16 octobre 2015

Anne-Claire Tranchant sur le site "Liberté politique" : "Réforme du collège : « Ne les abandonnez pas ! »"

Réforme du collège : « Ne les abandonnez pas ! »
 

 

Réforme du collège : « Ne les abandonnez pas ! »

Au lendemain de la manifestation nationale contre la réforme du collège du 10 octobre, le bilan est quelque peu amer.

Bien sûr, nous voilà rassurés. Un sondage commandité par SOS-Éducation semble montrer le profond rejet de la réforme par les Français lorsqu’ils en comprennent les conséquences [1]. Ce ne sont pas quelques centaines, mais bien des milliers de personnes, venues de partout en France, qui ont marché vers la rue de Grenelle, se sont retrouvées symboliquement écrasées au sol à l’image du collège post-réforme. À l’image aussi de l’esprit des enfants qui l’auront subie.

Seulement, mis à part ces quelques « opposants, rebelles, hostiles, irréductibles [2] », qui s’intéresse à ce qui se passera vraiment en septembre 2016 ? Qui a gratté pour découvrir ce qui se cache derrière les platitudes bien-pensantes et égalitaristes d’un ministre de l’Éducation du peuple et de la propagande sûre d’elle-même et dominatrice ? Évidemment : qui n’applaudirait à l’idée de mettre en place plus d’accompagnement personnalisé ? Qui chercherait à nier qu’il peut être intéressant pour les élèves de faire des liens entre les disciplines ? Mais la réalité qui s’avance cachée derrière l’opaque rideau de fumée du mensonge ministériel est tout autre.

 

Il faut sauver les disciplines

La communication officielle a occulté le fait que la disparition de la transmission disciplinaire est organisée par la [dé]réforme.

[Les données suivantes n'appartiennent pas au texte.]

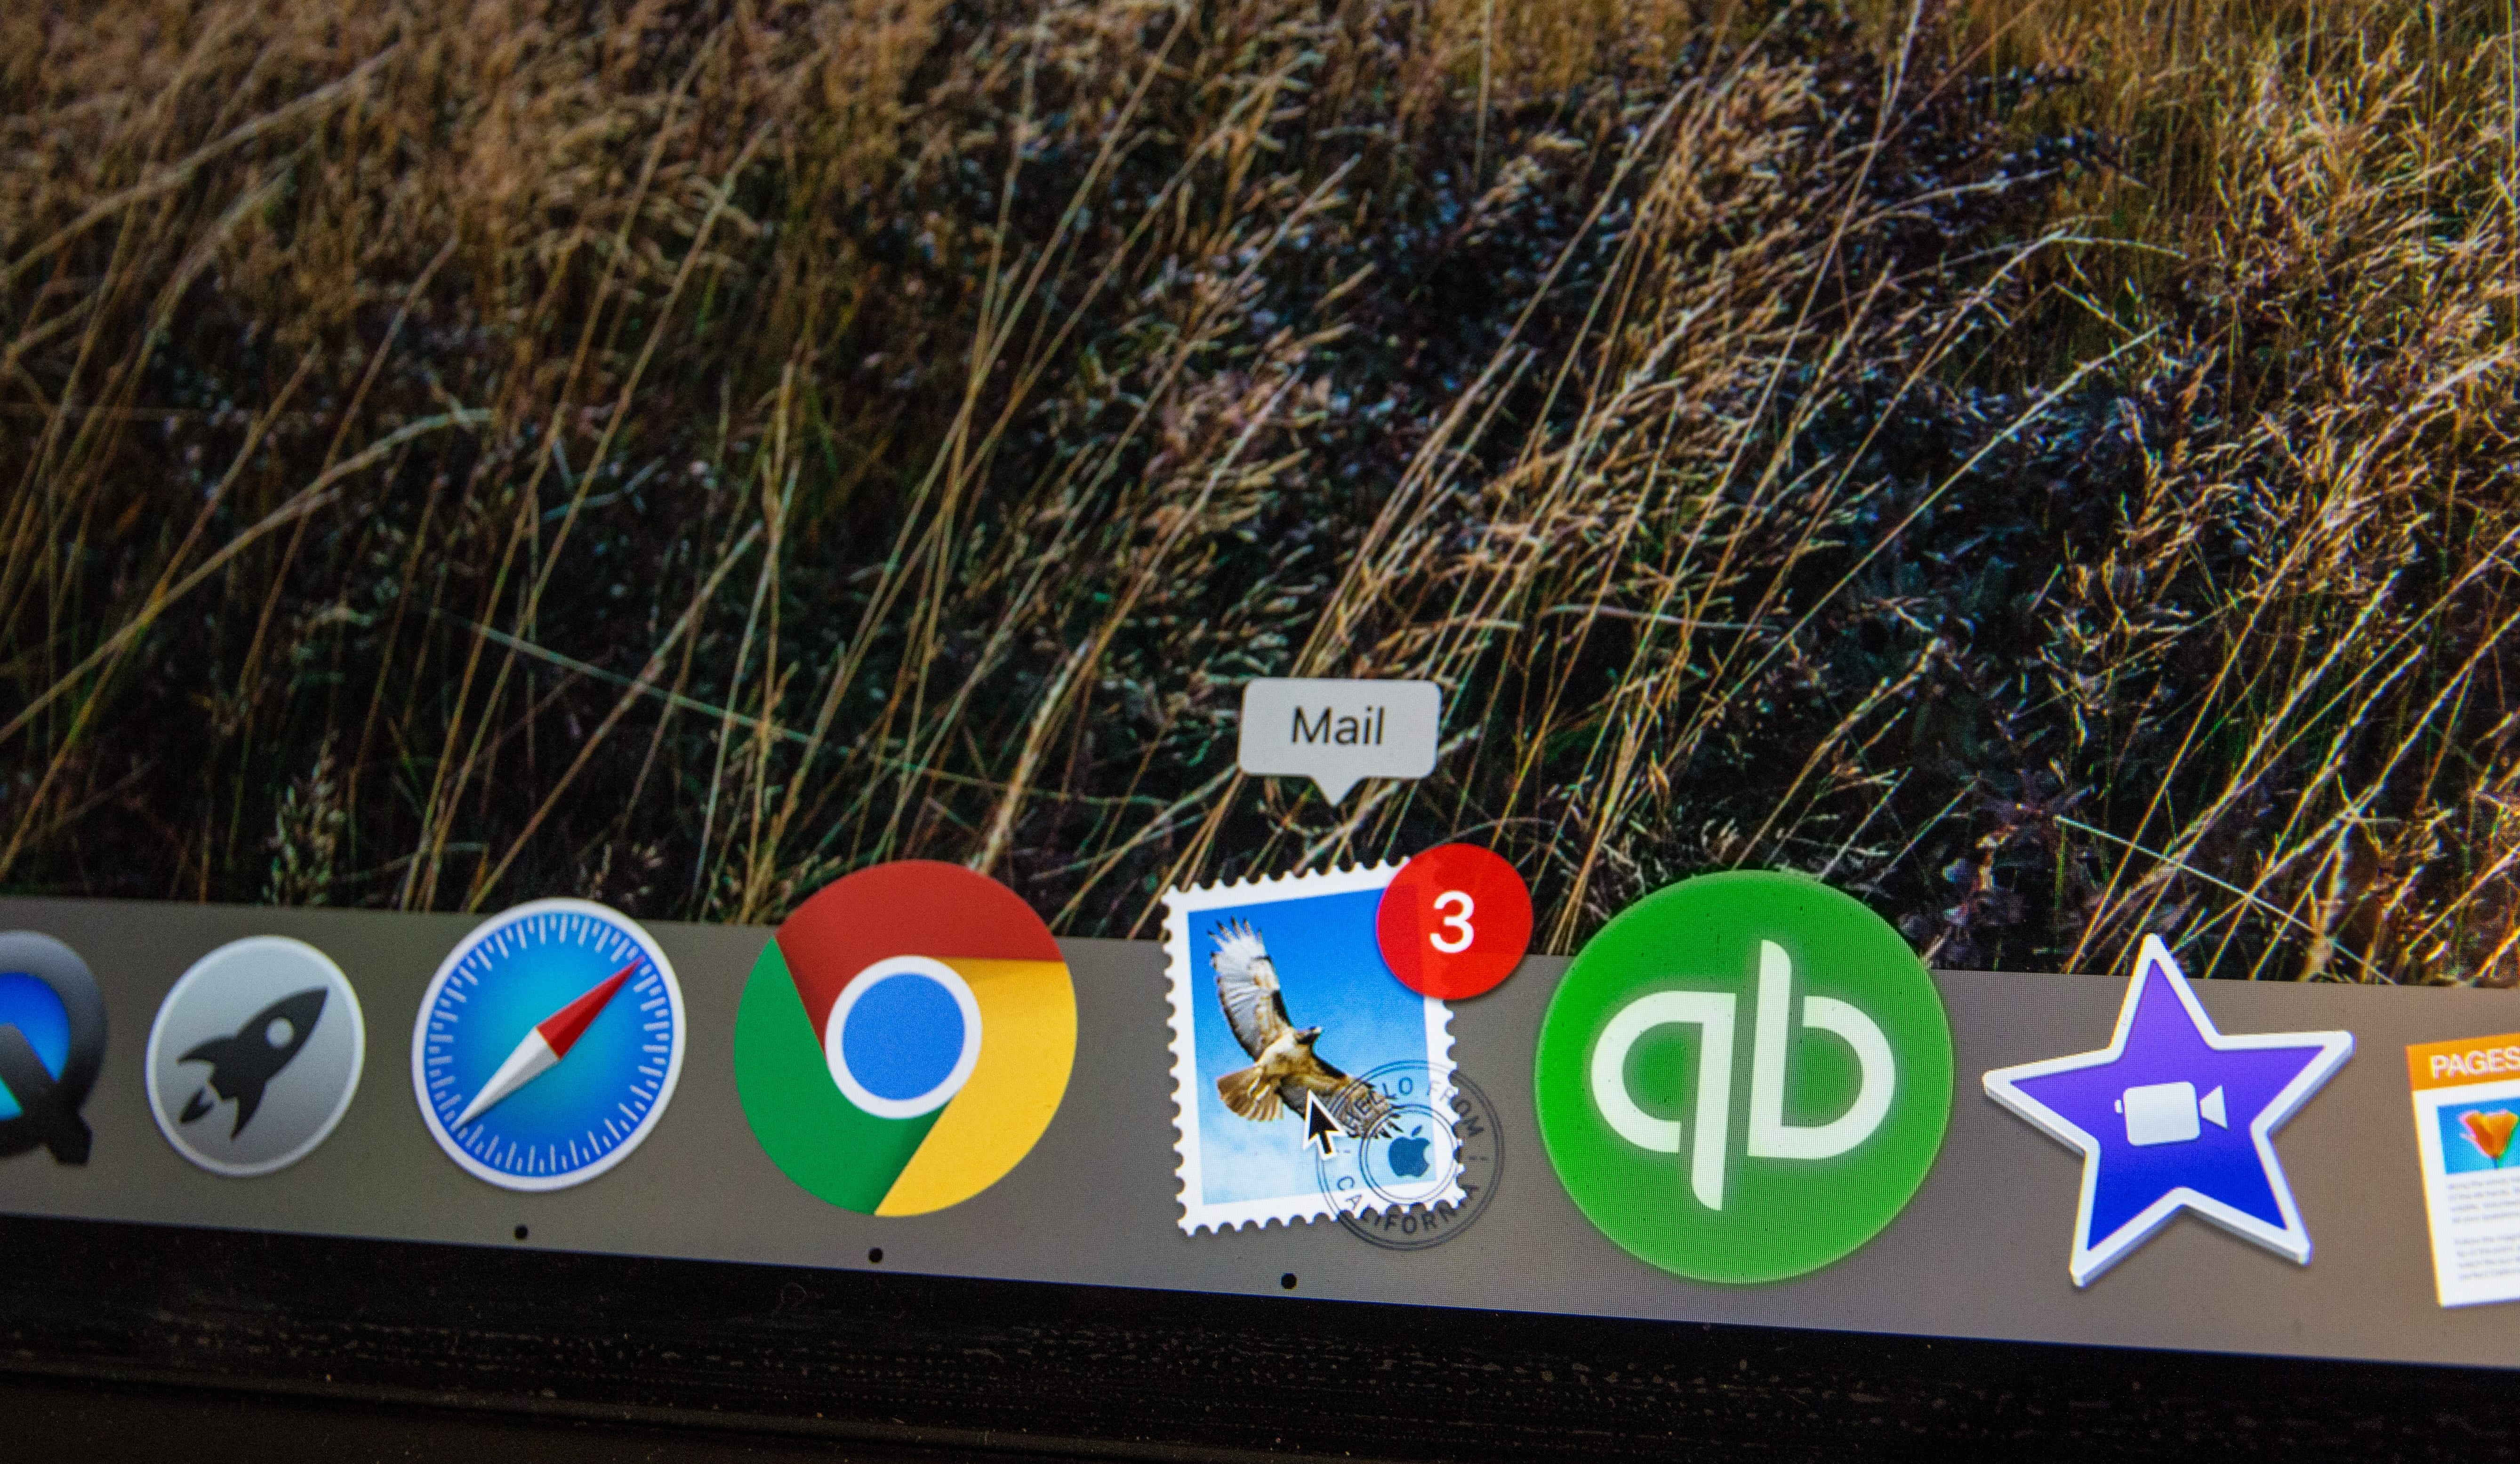 Email icon in Mac dock; image by webaroo.com.au, via Unsplash.com.

Les appels à l’aide des enseignants de langues anciennes et de langues vivantes ne sont que les avatars d’un rugissement sourd qui monte des entrailles de l’Éducation nationale : « Ne touchez pas à nos disciplines ! » Nous acceptons avec intérêt de coopérer pour réformer le collège. Mais pas selon les principes d’une réforme comptable et calculatrice, délétère et égalitariste.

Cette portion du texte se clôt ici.